Thought for the day: One of the most exciting aspects of "wondering" is that students actively participate in creating the problems that they solve!

Examples of noticing and wondering

I notice that the five numbers are "in a row" (consecutive).
I notice that the squares make an upside-down "L" shape.
I notice that there are five numbers and five squares. (One number could go into each square.)
I notice that you can make the numbers on each side have the same sum.
I notice that when I make the two sums the same, the corner square is always odd. 

I wonder how many ways there are to make the numbers on each side have the same sum.
I wonder how many different equal sums I can make.
I wonder why the corner square is always add when I make the sums the same.
I wonder what would happen if I made the "L" shape have four squares on each side.
I wonder if I could still solve the problem if I added (or subtracted) 1 (or some other number) to each of the numbers.


The idea of filling numbers in a diagram to make sums (or products) come out the same is a common type of math puzzle. The problem suggested by this prompt appears in Linda Jensen Sheffield's book, "Extending the Challenge" published by Corwin Press in 2003. Her book has many wonderful ideas for extending the problem.

Problems like this can go on and on! I once worked with a group of second graders who kept thinking of so many new questions to ask that we kept working on it for three months.
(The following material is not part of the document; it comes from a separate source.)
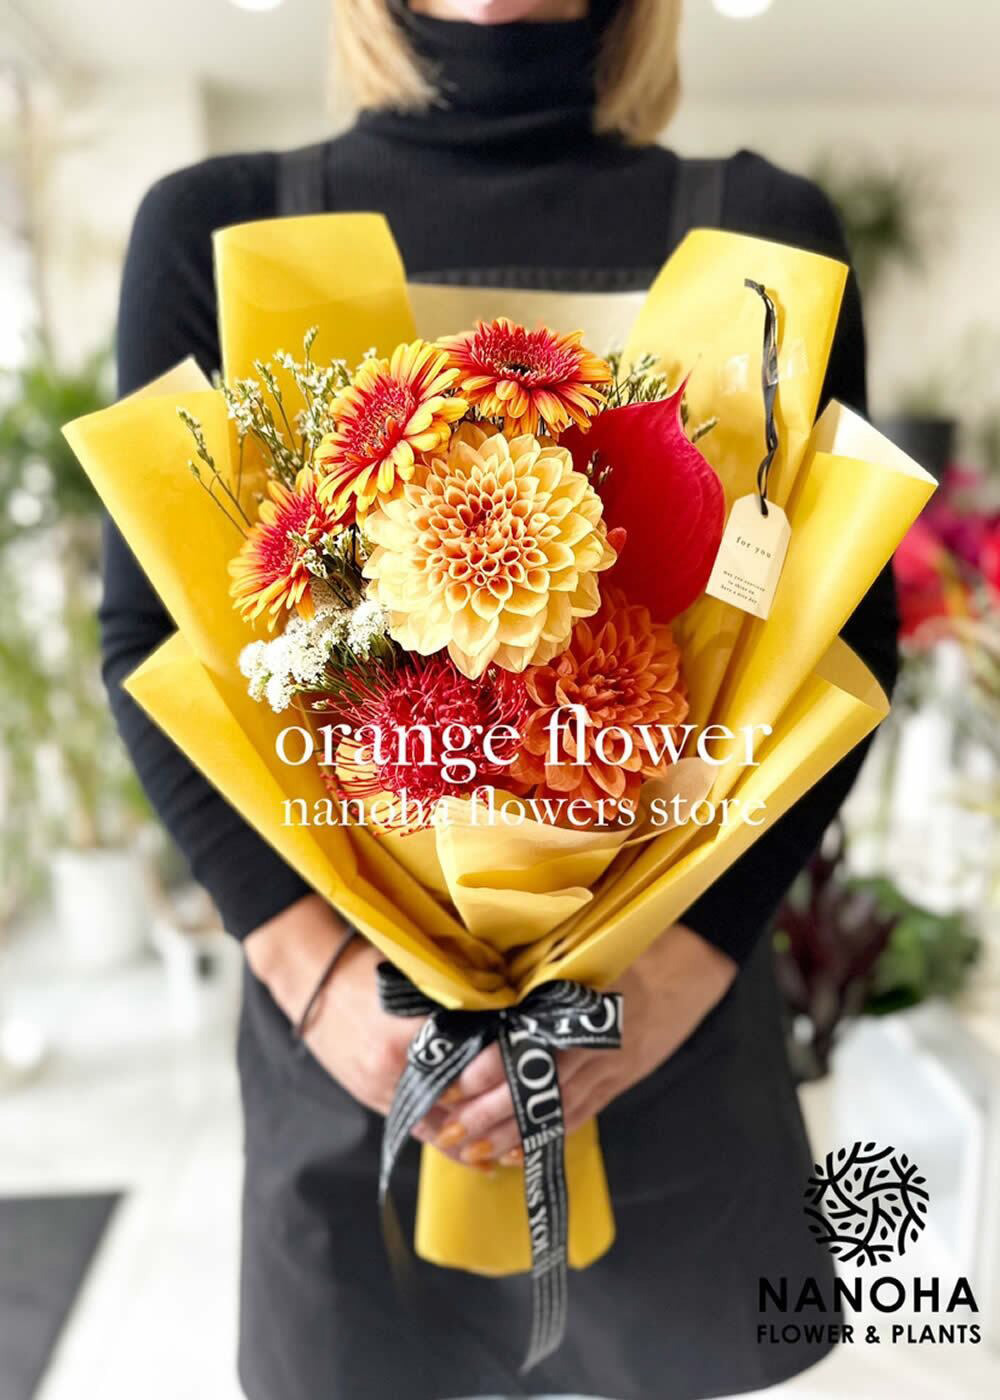 NANOHA堅粕店では各種お祝いのお花をご準備しております。
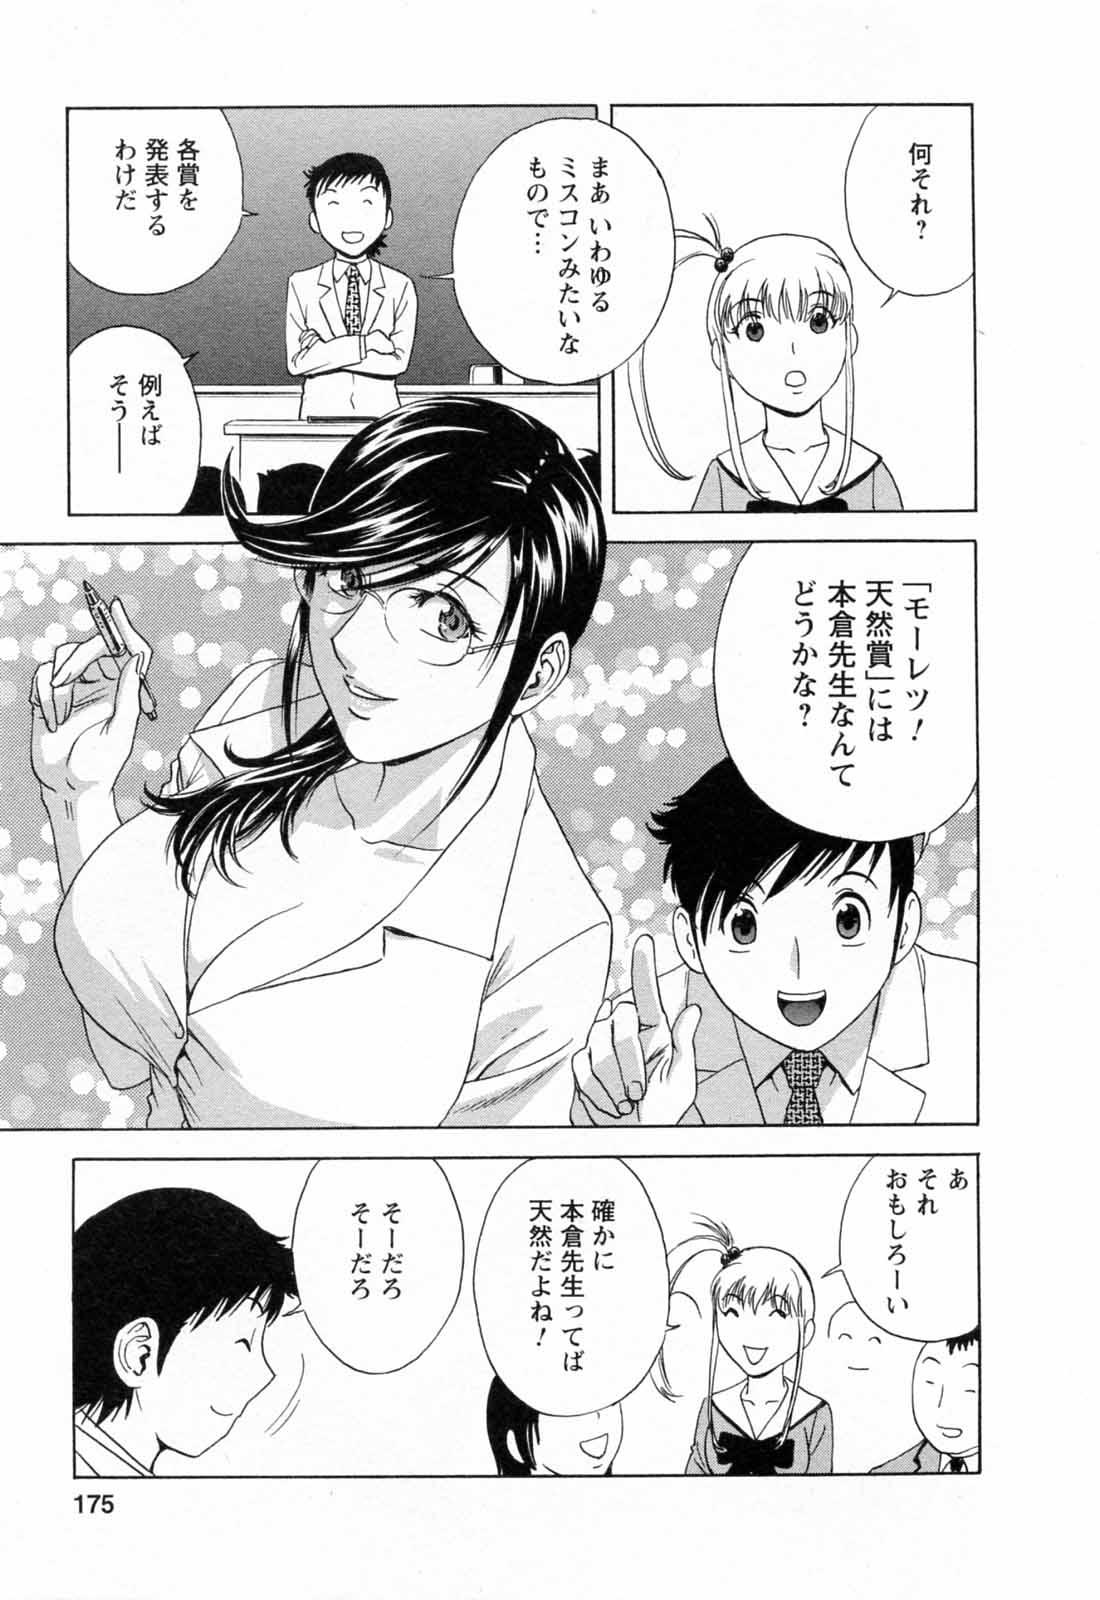 [Hidemaru] Mo-Retsu! Boin Sensei (Boing Boing Teacher) Vol.5 176

  • We changed the number of squares in the "L."
  • We changed the collection of numbers that we used.
  • We figured out the possible sums for each collection.
  • We looked for patterns in the sums and tried to figured out what caused them.
  • We asked what happened to sums when we increased or decreased numbers by some amount.
  • We tried to figure out why the corner number was always odd in some cases and always even in others.
  • We even tried it with negative numbers!